## [Task objective]
The answer consists of the lines from the line holding "A closeup of" through the last line of the entries, retyped exactly, and nothing else. No pictures belong in it.

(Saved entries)

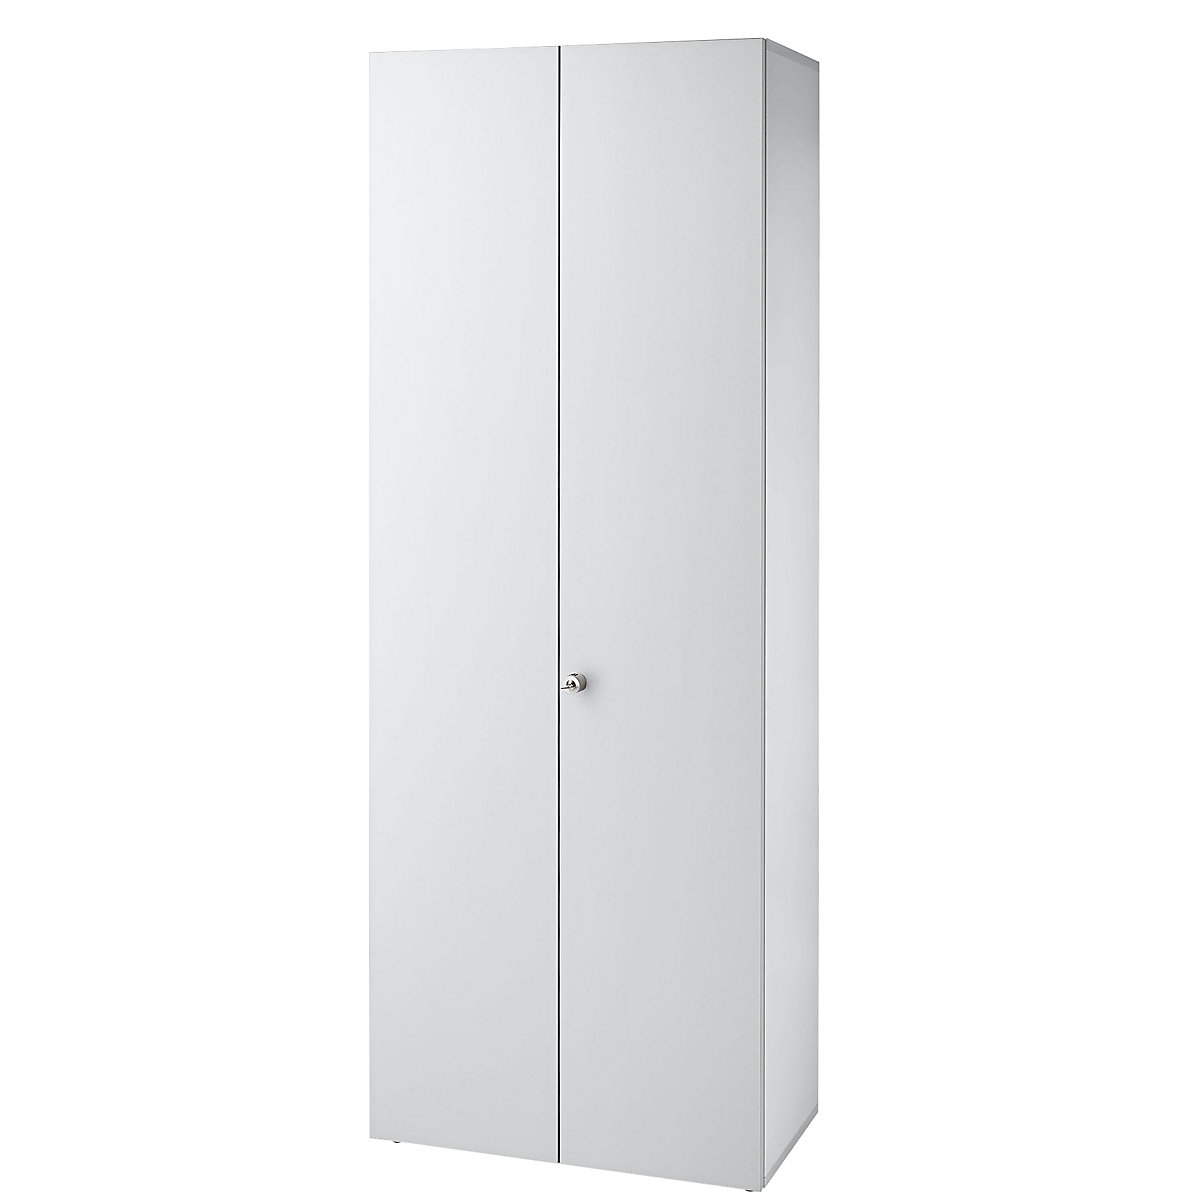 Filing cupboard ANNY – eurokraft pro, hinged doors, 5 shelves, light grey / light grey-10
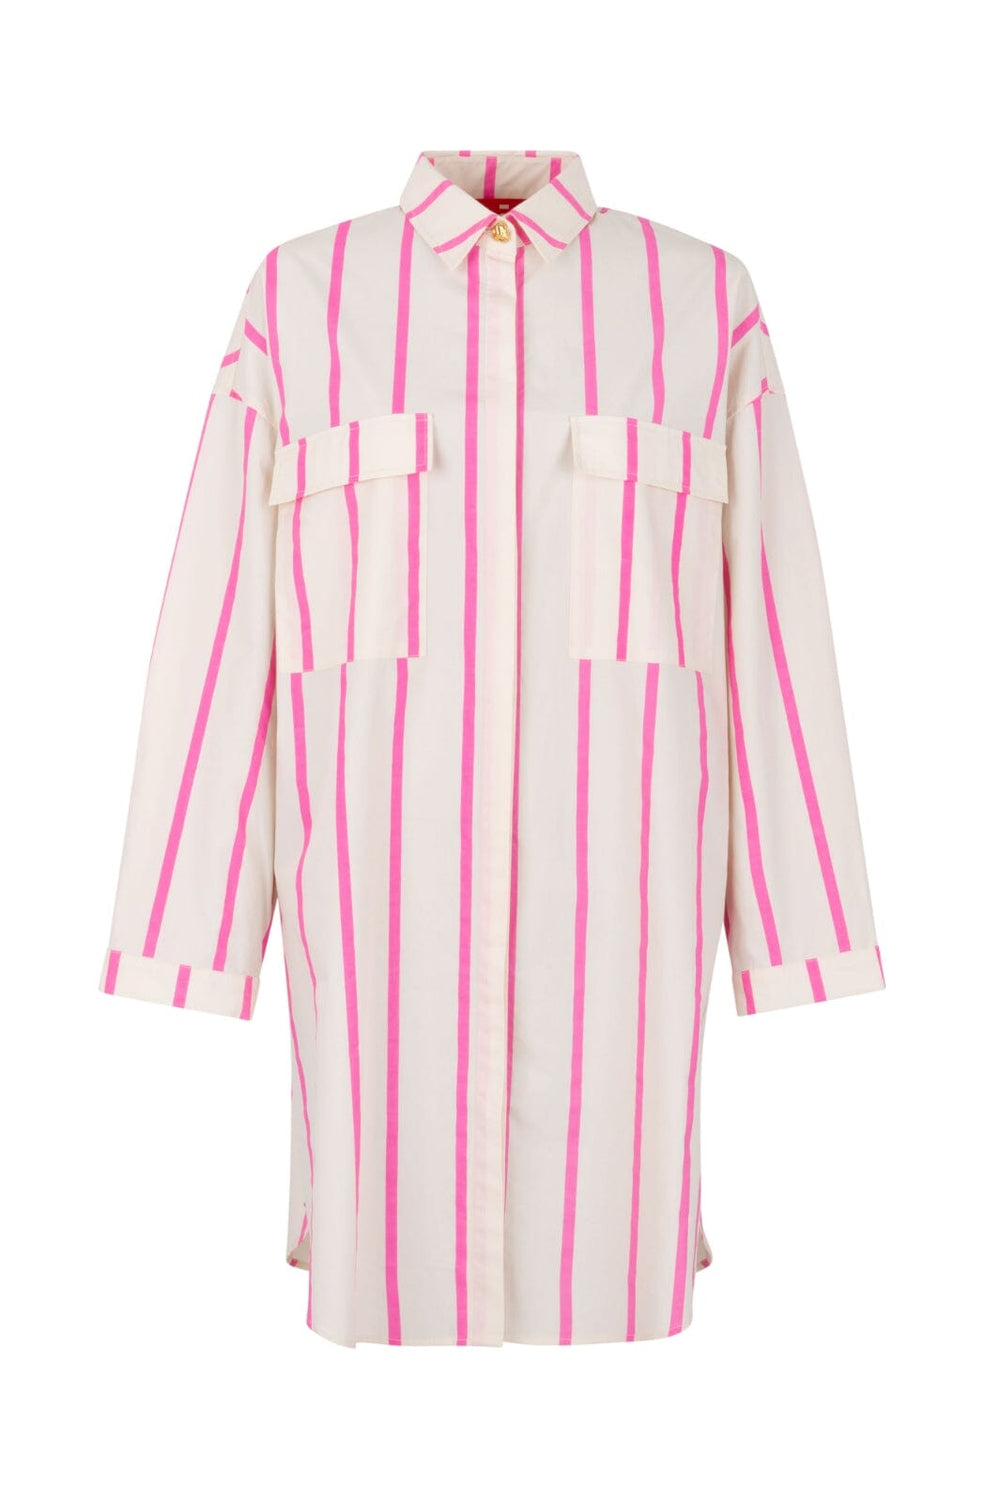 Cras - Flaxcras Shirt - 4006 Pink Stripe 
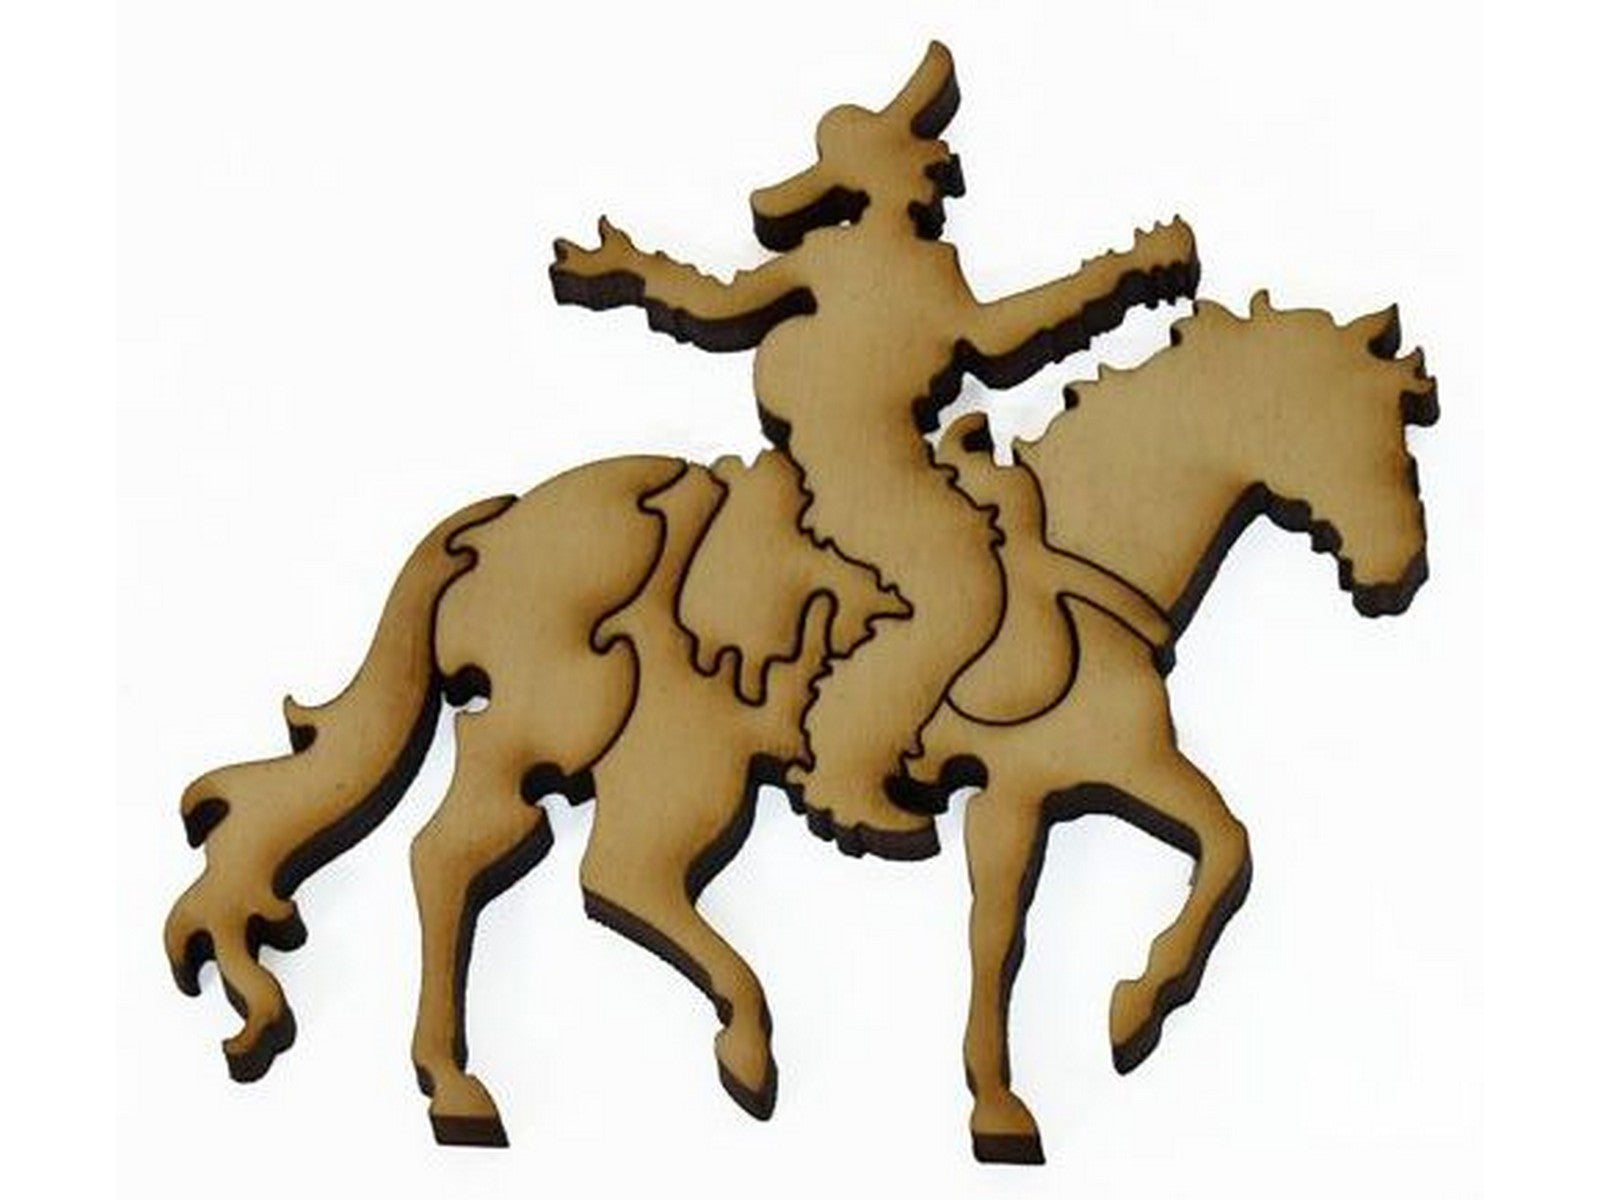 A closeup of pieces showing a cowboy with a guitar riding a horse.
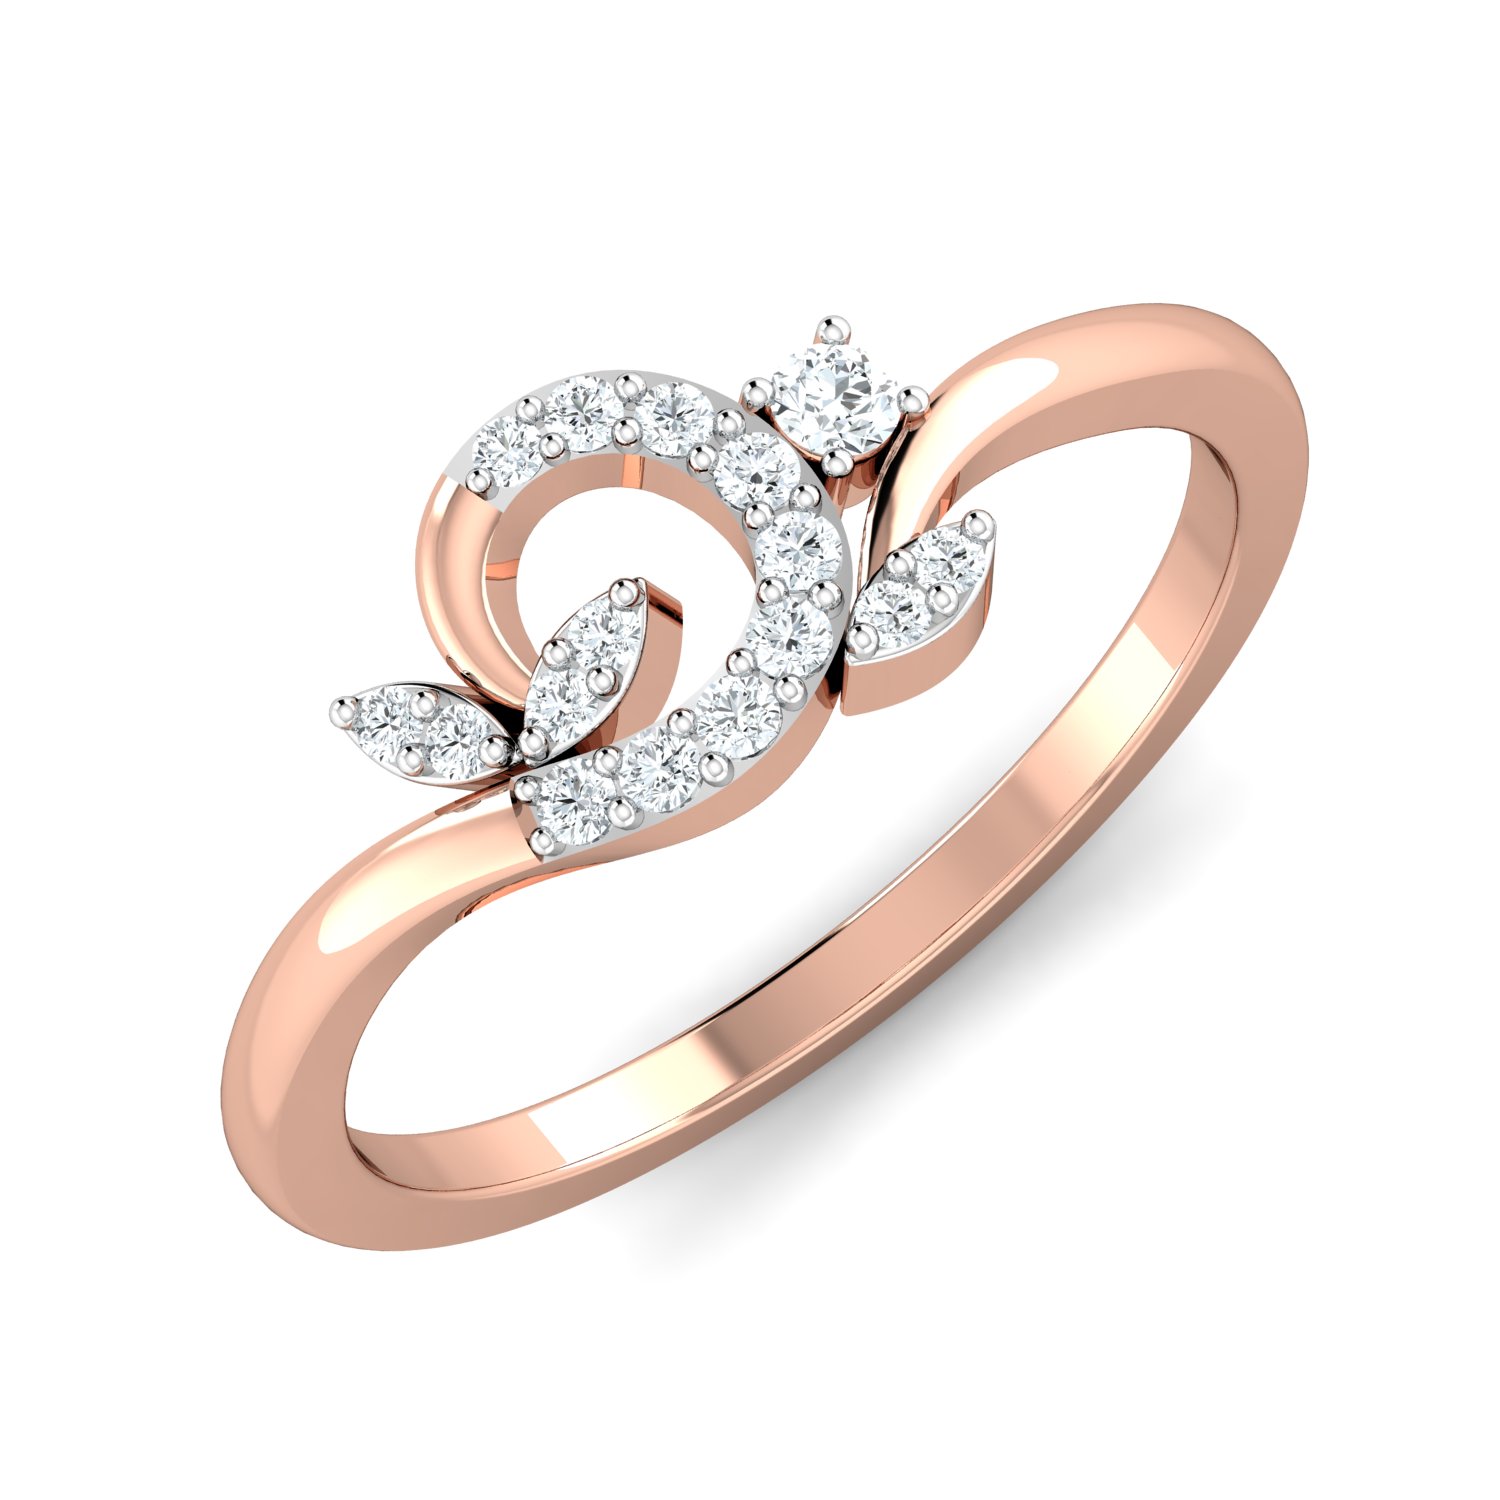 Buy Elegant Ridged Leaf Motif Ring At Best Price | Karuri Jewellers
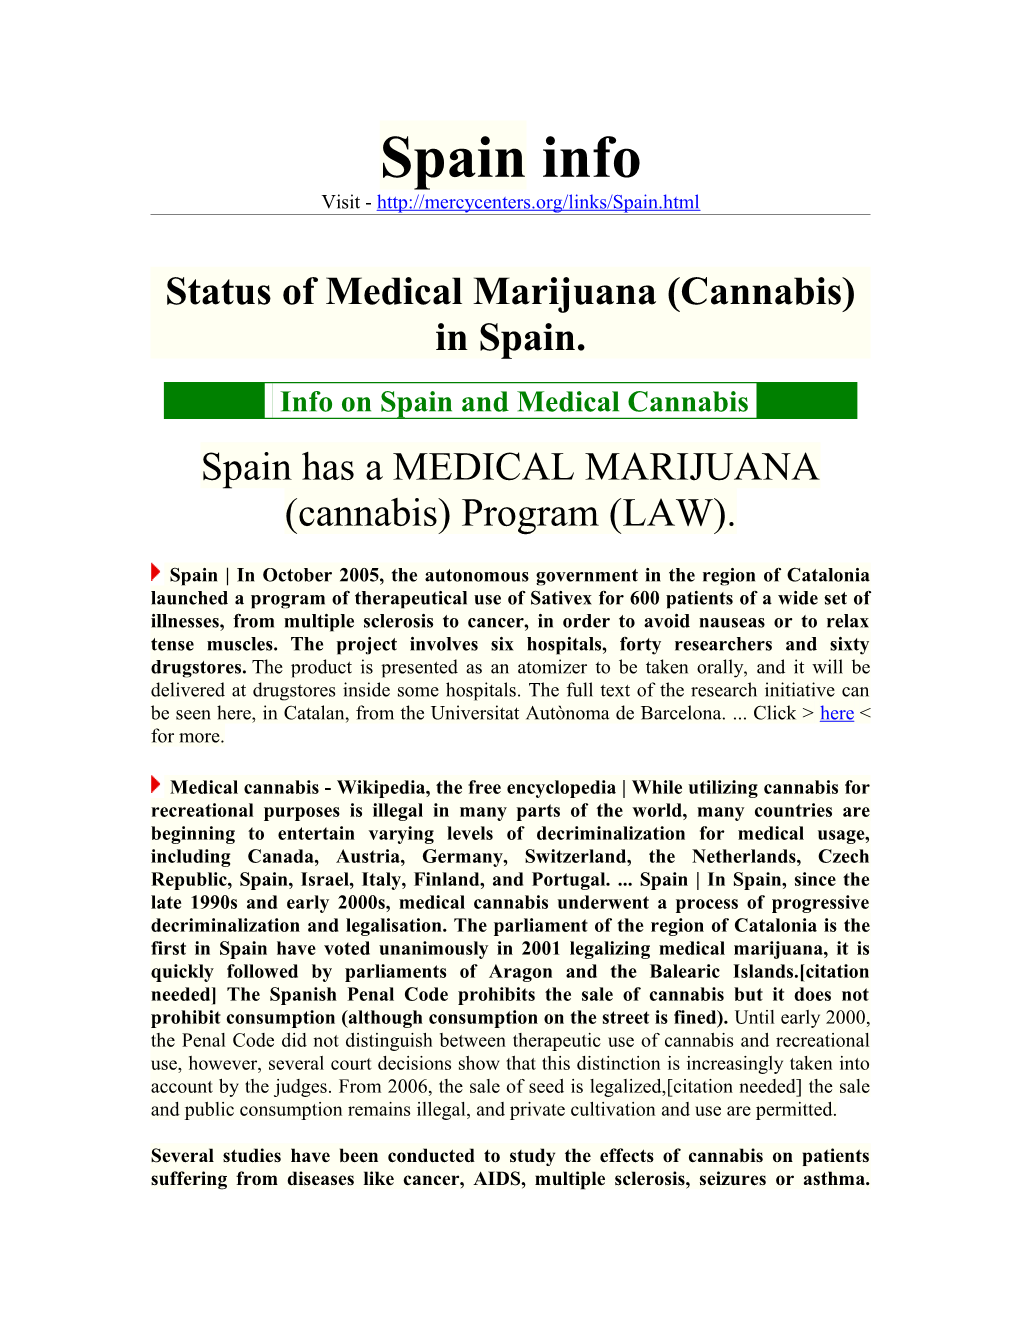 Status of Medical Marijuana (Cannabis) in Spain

## [Task output]
 A closeup of pieces showing a cowboy with a guitar riding a horse.
 Buy Elegant Ridged Leaf Motif Ring At Best Price | Karuri Jewellers
 Status of Medical Marijuana (Cannabis) in Spain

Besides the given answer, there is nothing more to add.